RNA–RNA interaction analysis of Japanese encephalitis virus
This study combines computational and biophysical analysis to characterize a long-range RNA-RNA interaction in Japanese encephalitis virus and to test the role of the conserved cyclization sequence.

Long-range RNA-RNA interactions are central to the replication cycle of many flaviviruses, but they are not always easy to characterize directly. In Japanese encephalitis virus (JEV), the 5' and 3' terminal regions are expected to interact through conserved cyclization elements, yet the strength, stoichiometry, and structural behavior of that interaction still needed to be tested experimentally.
This study approaches the problem from both sides. Computational analysis was used to identify the most plausible interaction site and to evaluate whether the conserved cyclization sequence is kinetically favored over competing alternatives such as homodimer formation. The predicted interaction was then tested biophysically using SEC-MALS, analytical ultracentrifugation, microscale thermophoresis, and SAXS.
The result is a stronger case for the long-range interaction than computation alone could provide. The 5' and 3' terminal regions interact directly with nanomolar affinity and a 1:1 stoichiometry, and that interaction weakens substantially when the conserved cyclization sequence is disrupted. That is a useful mechanistic result because it ties the predicted long-range pairing to an experimentally measurable binding event.

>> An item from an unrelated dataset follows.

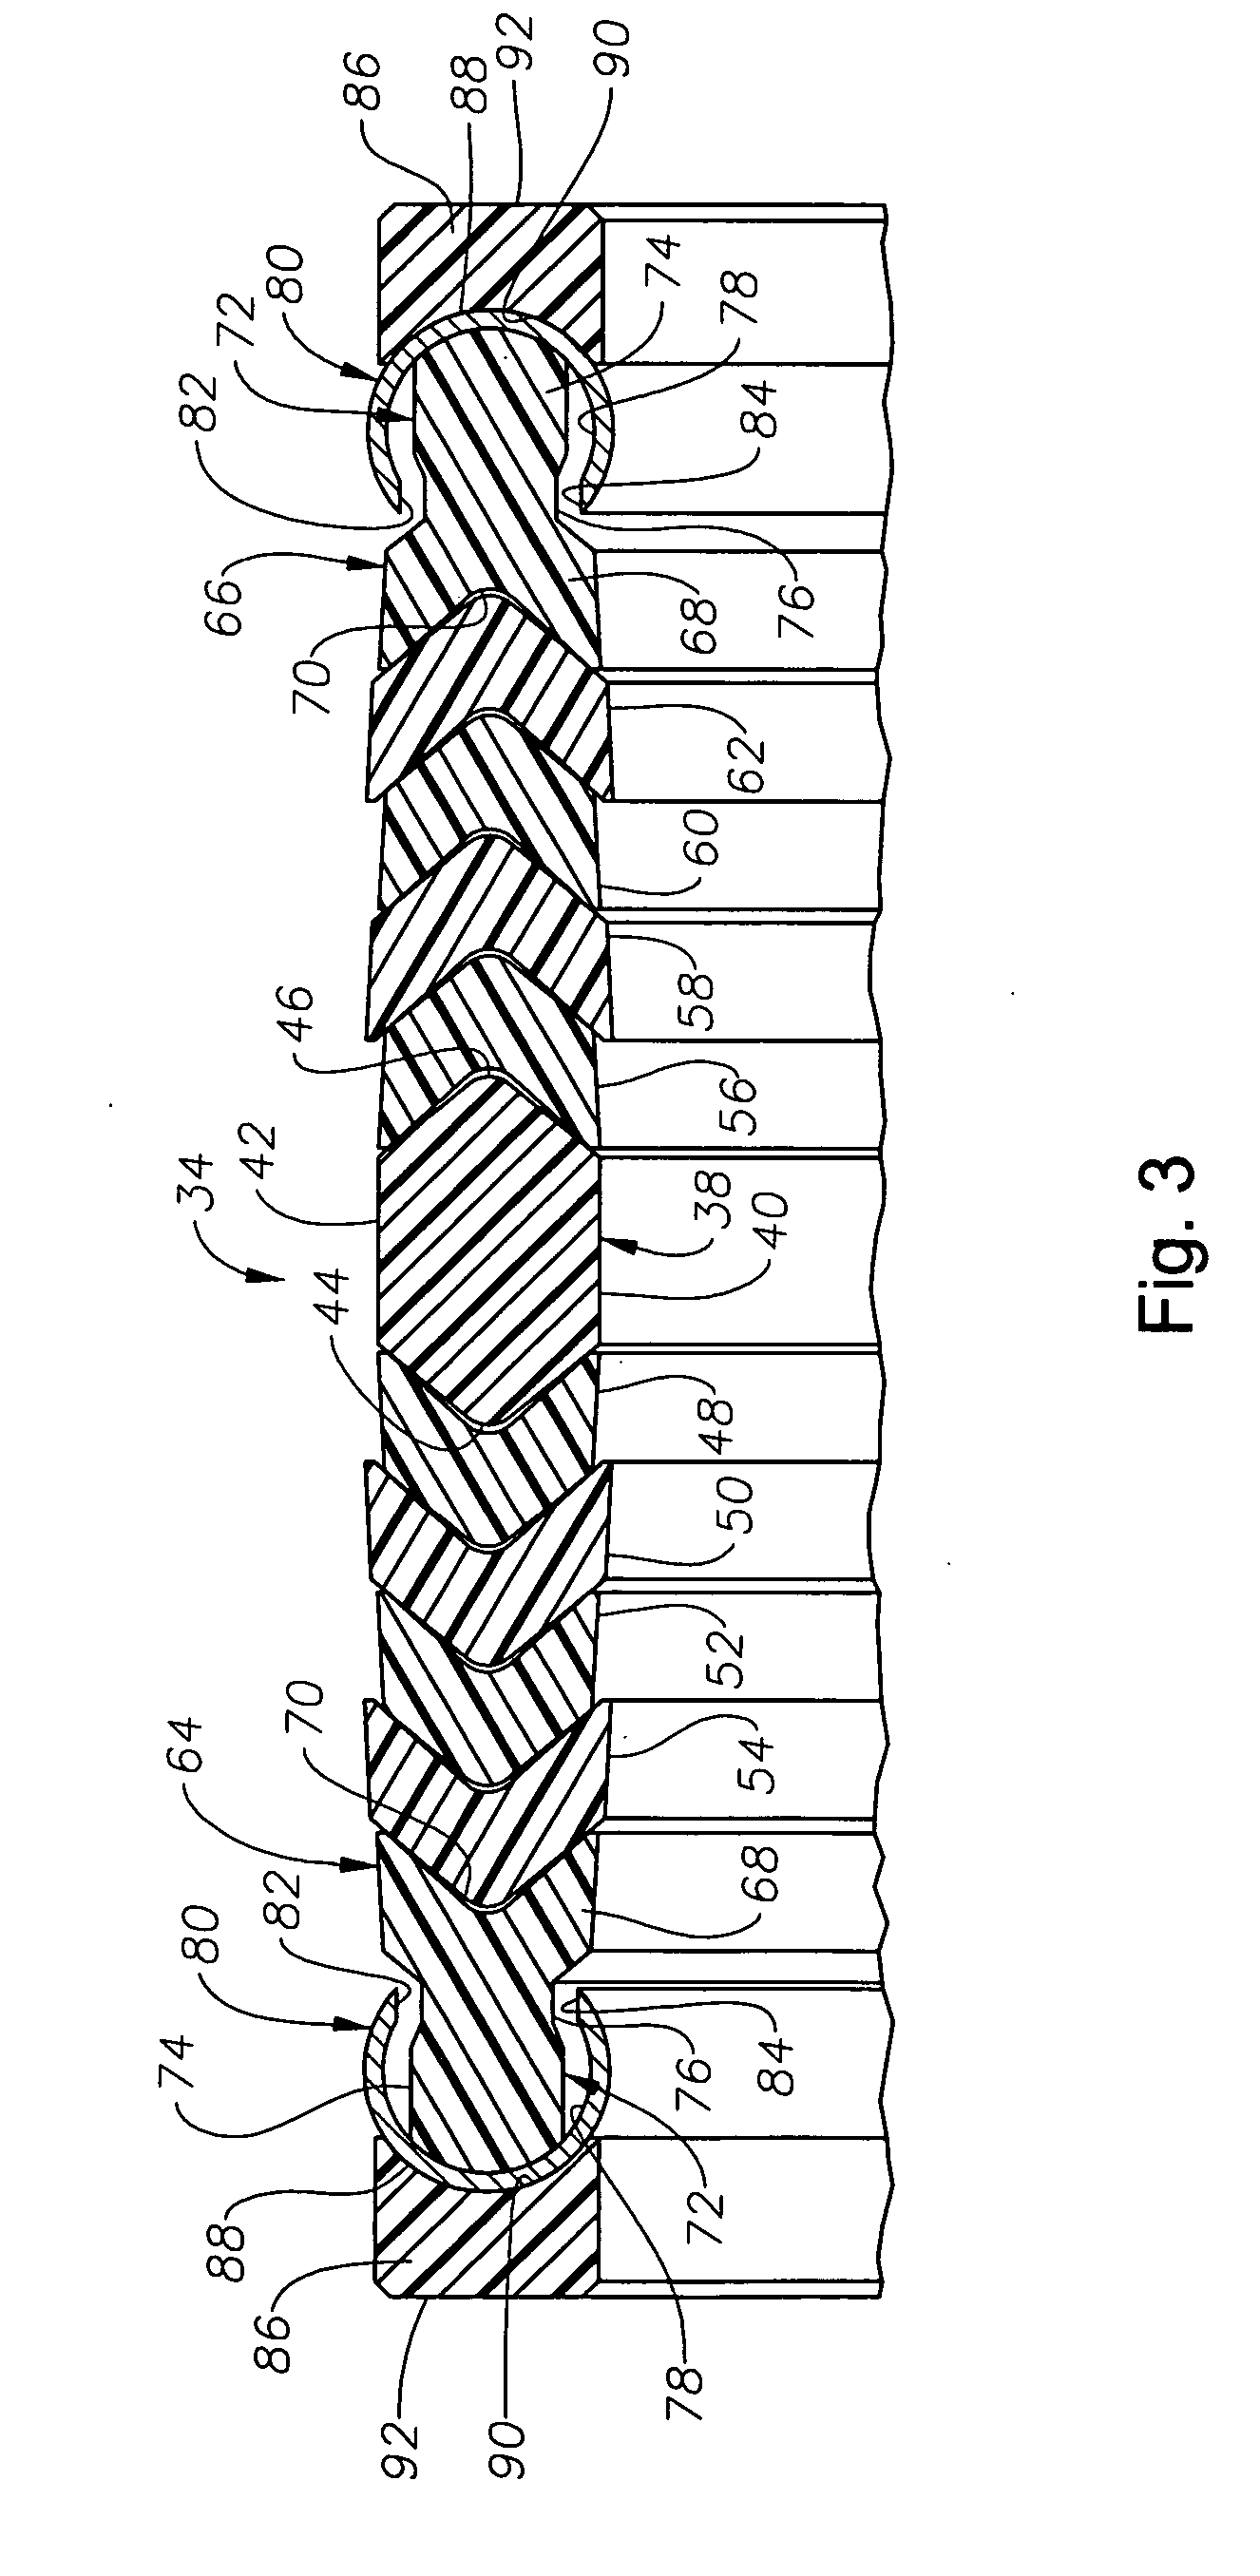 Metal-to-metal non-elastomeric seal stack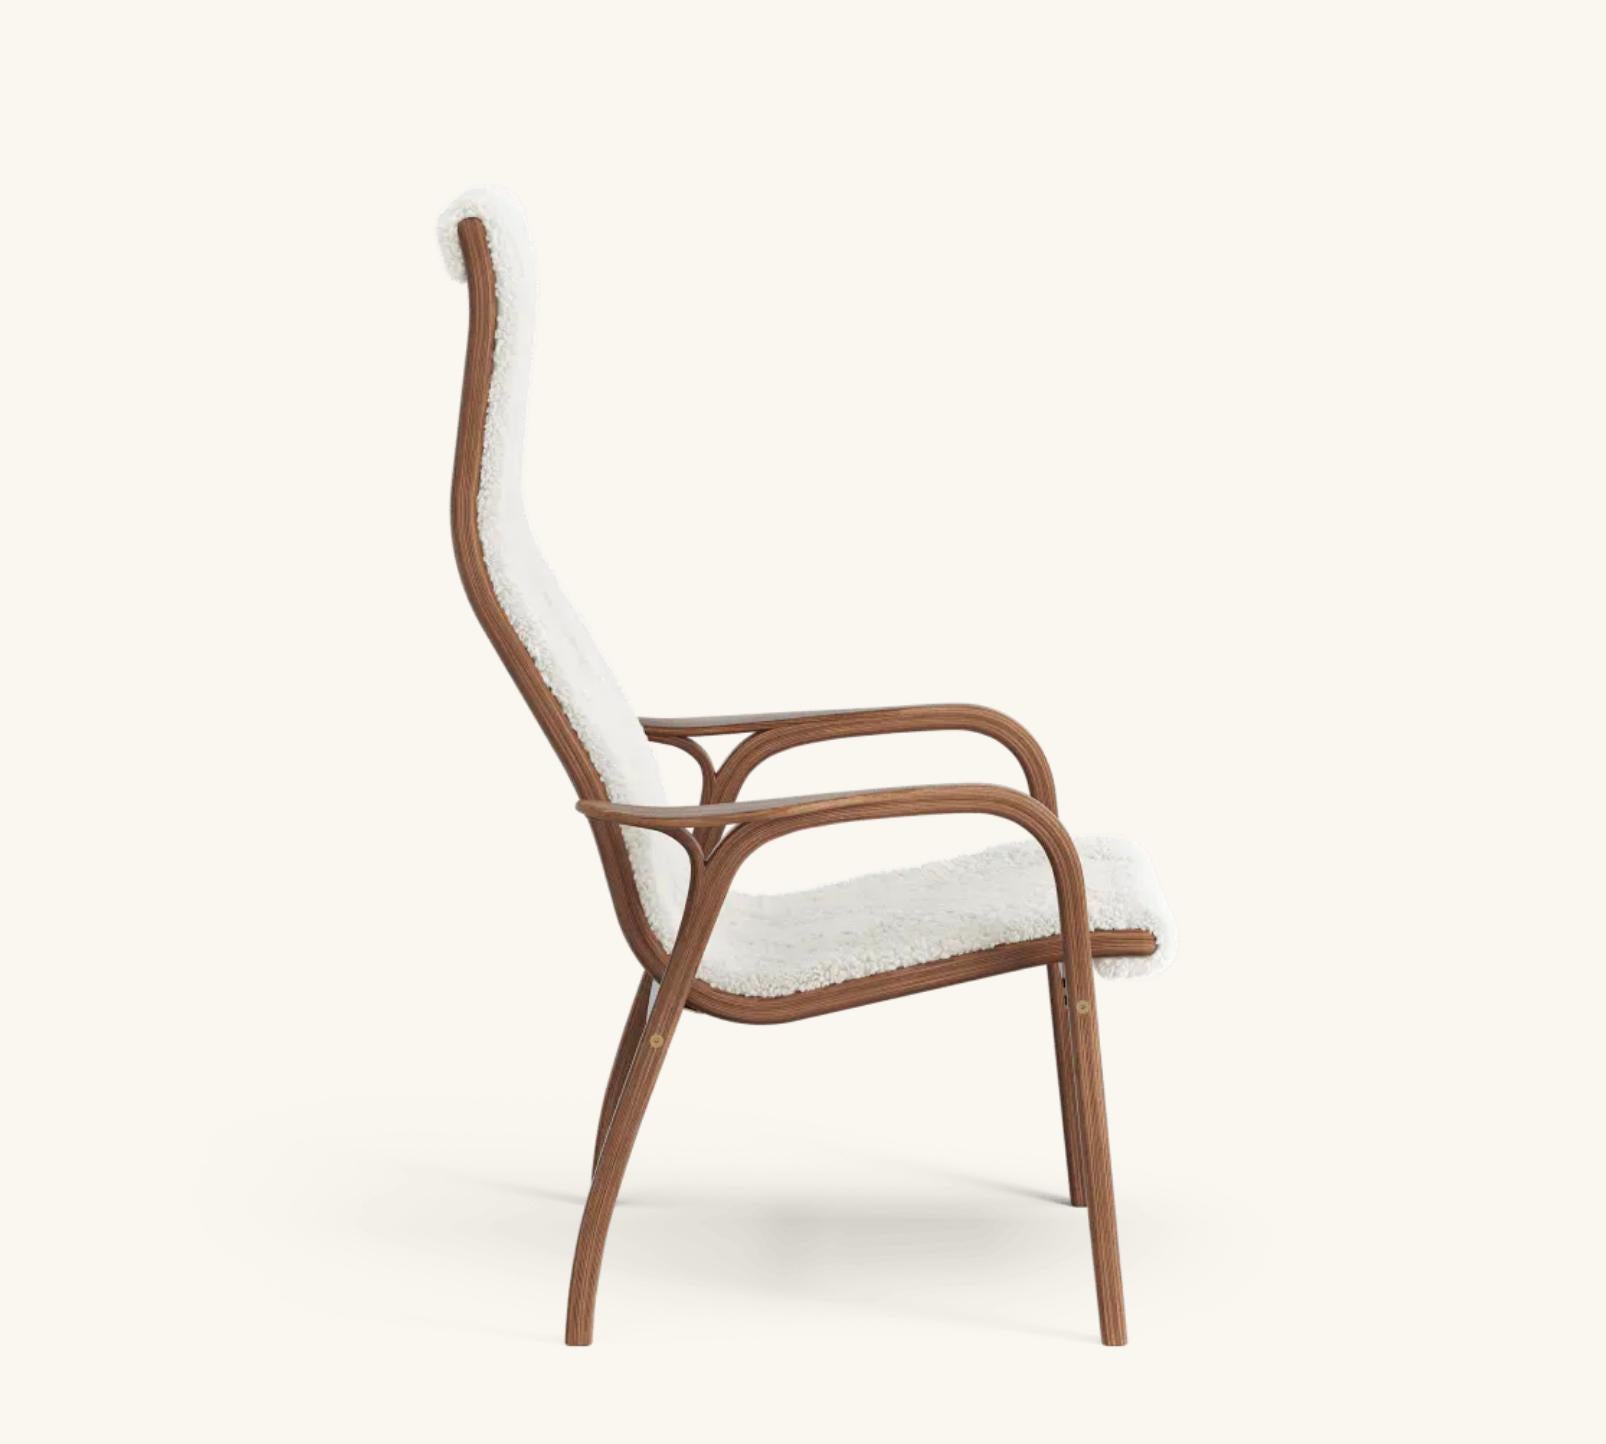 Yngve Ekström Lamino Easy Chair by Swedese en noyer et peau de mouton 'Off White'. Nouveau, design/One de 1956.

Le Lamino d'Yngve Ekström est l'un des fauteuils scandinaves les plus emblématiques. Conçue en 1956, cette chaise n'a jamais été

Just as importantly, the kinetic analysis supports the idea that the cyclization sequence is not merely one possible pairing among many. It appears to be the dominant interaction pathway under the conditions examined, with an advantage over competing self-association states. For flavivirus biology, that matters because genome cyclization is closely tied to replication, and the computational ranking of alternative structures becomes much more informative once it is backed by binding measurements.
The SAXS-based structural model adds another piece of the picture. It does not deliver atomic resolution, but it does suggest that the complex is flexible while still maintaining a stable overall association in solution. That kind of low-resolution structural information is valuable when interpreting long viral RNAs, where conformational heterogeneity is often part of the biology rather than a nuisance to be averaged away.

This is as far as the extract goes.